The "unit of analysis” used by the Census Bureau in the process of determining who is in poverty is actually two "units” – families and unrelated individuals. A family is a group of two or more persons related by birth, marriage, or adoption who reside together; all such related persons are considered as members of one family. An unrelated individual is a person 15 years old or older (other than an inmate of an institution) who is not living with any relatives. An unrelated individual may be the only person either living in a housing unit or living in a housing unit in which one or more persons who are not related to the individual in question by birth, marriage, or adoption also live. Poverty thresholds for what have been referred to earlier as one-person units are applied to unrelated individuals. Poverty thresholds for two-person units are applied to two-person families, and so on. The Census Bureau has no short term for the concept "families and/or unrelated individuals.” However, the term "family unit” has been used unofficially to refer to that concept by the poverty guidelines Federal Register notice (since 1978) and by some analysts. "Families and/or unrelated individuals” should not be referred to as "households” because "household” is a separate and distinct concept; as defined by the Census Bureau, a household consists of all the persons who occupy a housing unit, whether they are related to each other or not. A household may thus contain one or more families and/or one or more unrelated individuals; poverty status for each such family and/or unrelated individual is determined separately.

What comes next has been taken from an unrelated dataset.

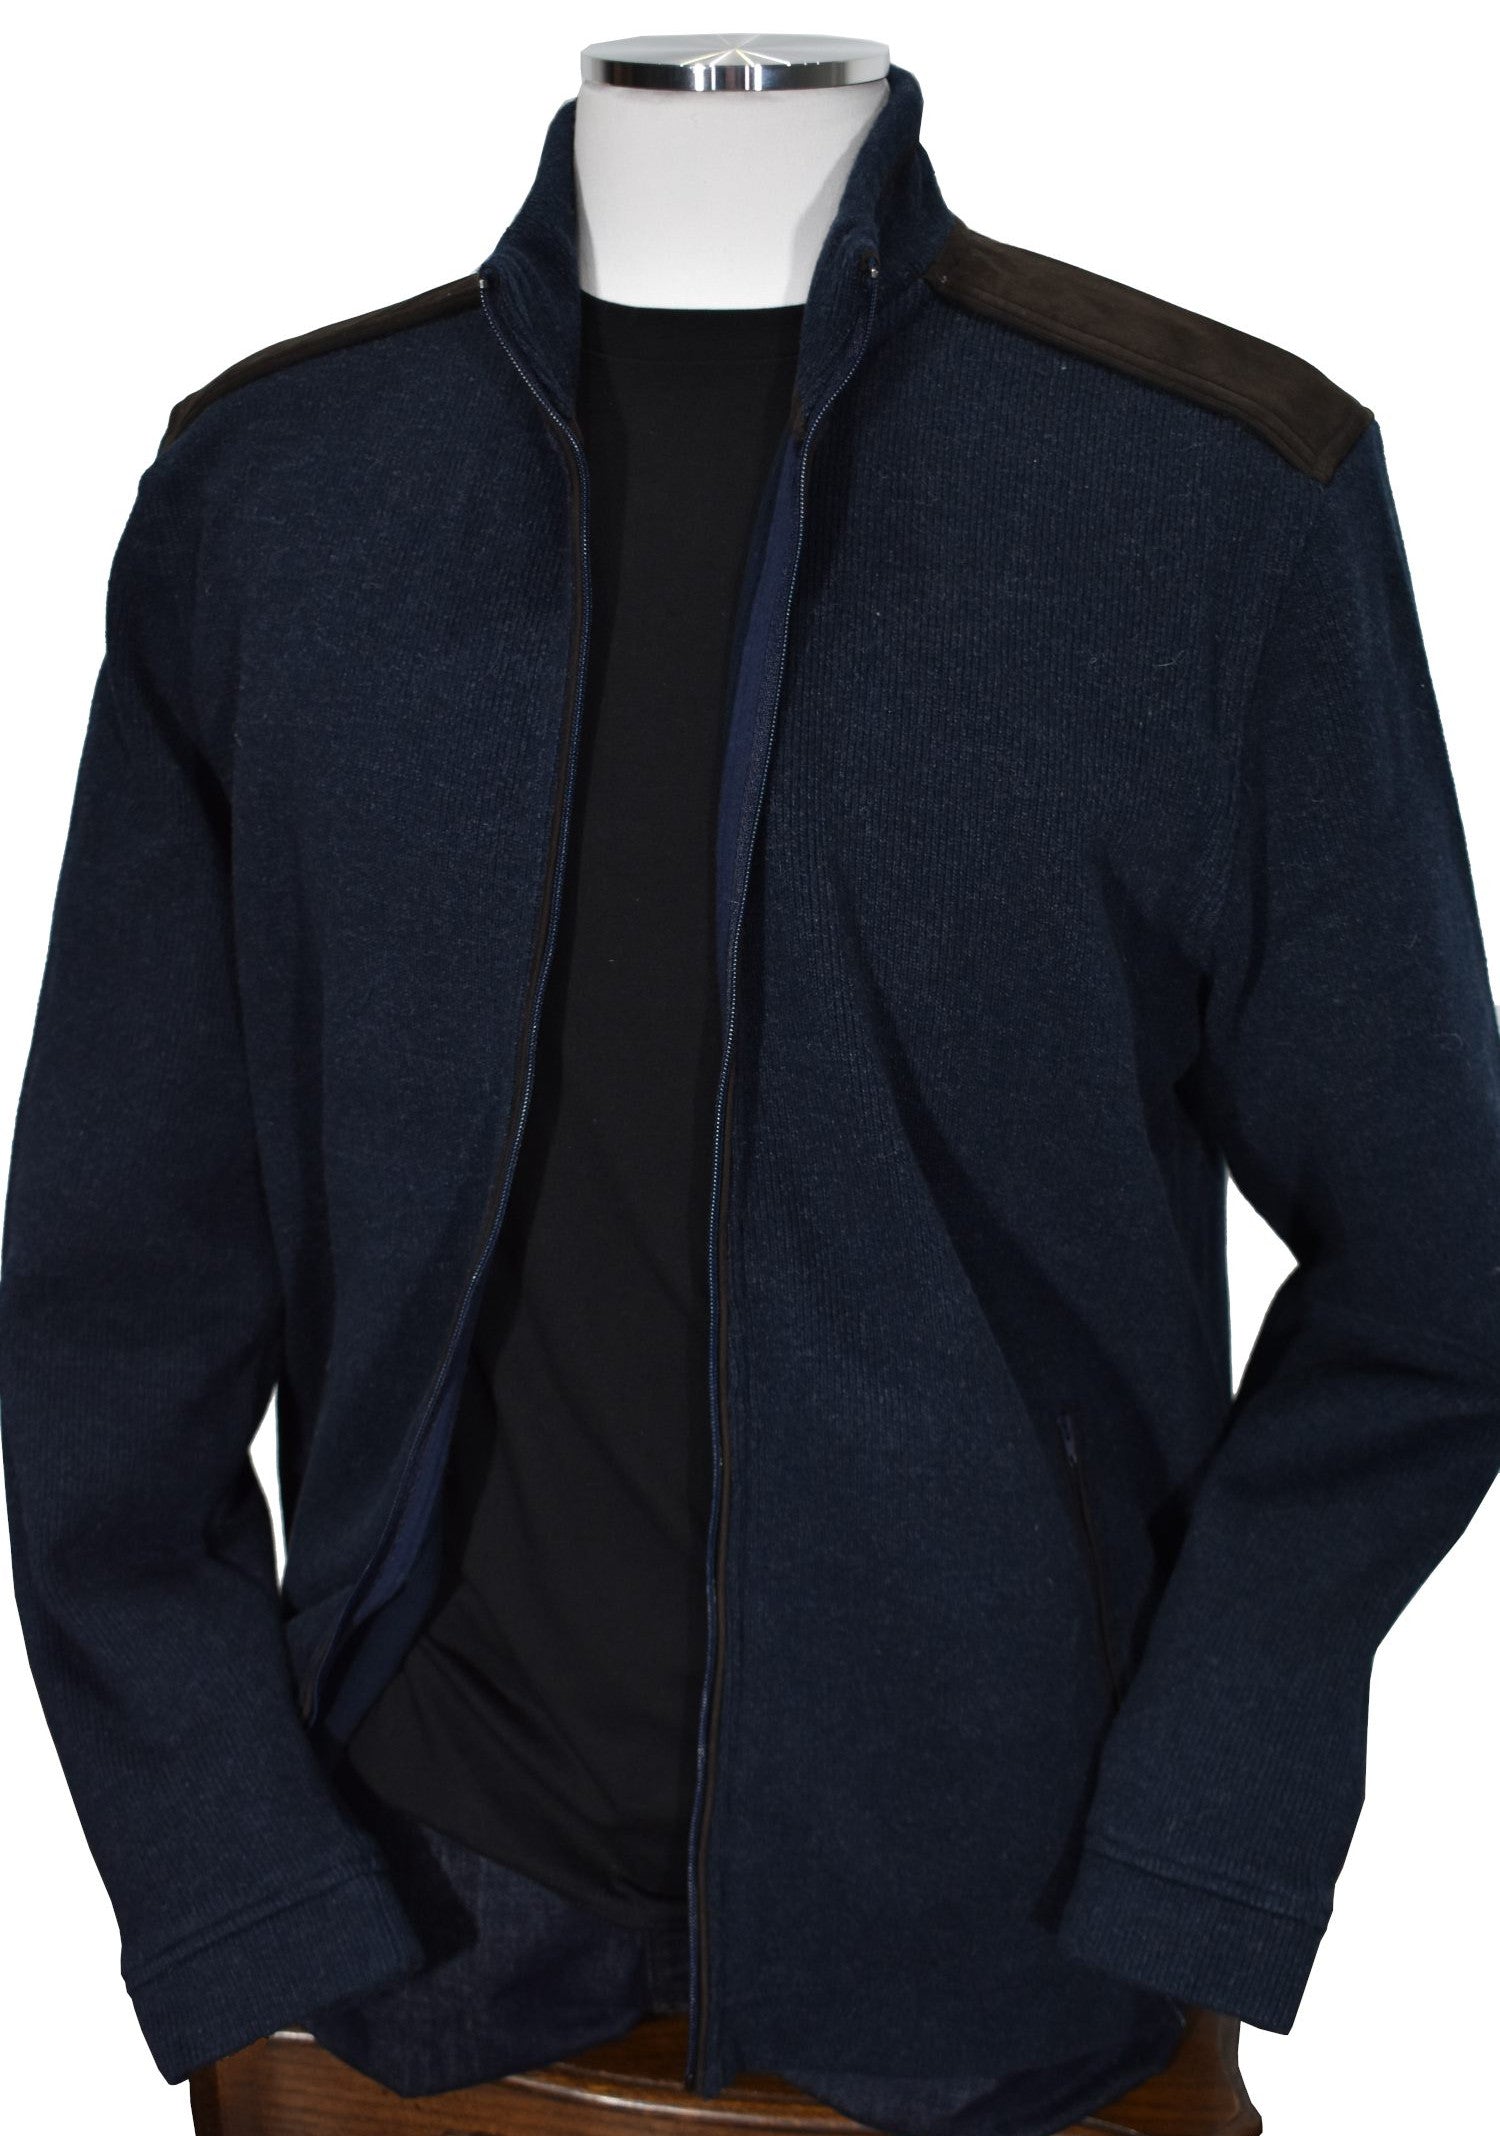 Stay stylish on the go with the ZN6307 Brecken Sport Cardigan. This full zip cardigan model is crafted from soft navy fabric with fine rib detailing and chocolate ultra suede on the shoulders and zippers for a tasteful, exclusive look. It can be worn alone, as a layer, or open like a jacket to beautifully accent any outfit. Light to medium weight performance cotton microfiber fabric ensures all-day comfort.

Poverty population figures and poverty rates for persons are presented in most of Tables Be260-411, while poverty population figures and poverty rates for families are limited to Table Be283–309. While correlated, poverty rates for persons and poverty rates for families are distinct statistics and do not always follow the same trend. Trends for the two can vary because of changes in the distribution of families by size, and also because unrelated individuals are included in statistics for all persons but not in statistics for families.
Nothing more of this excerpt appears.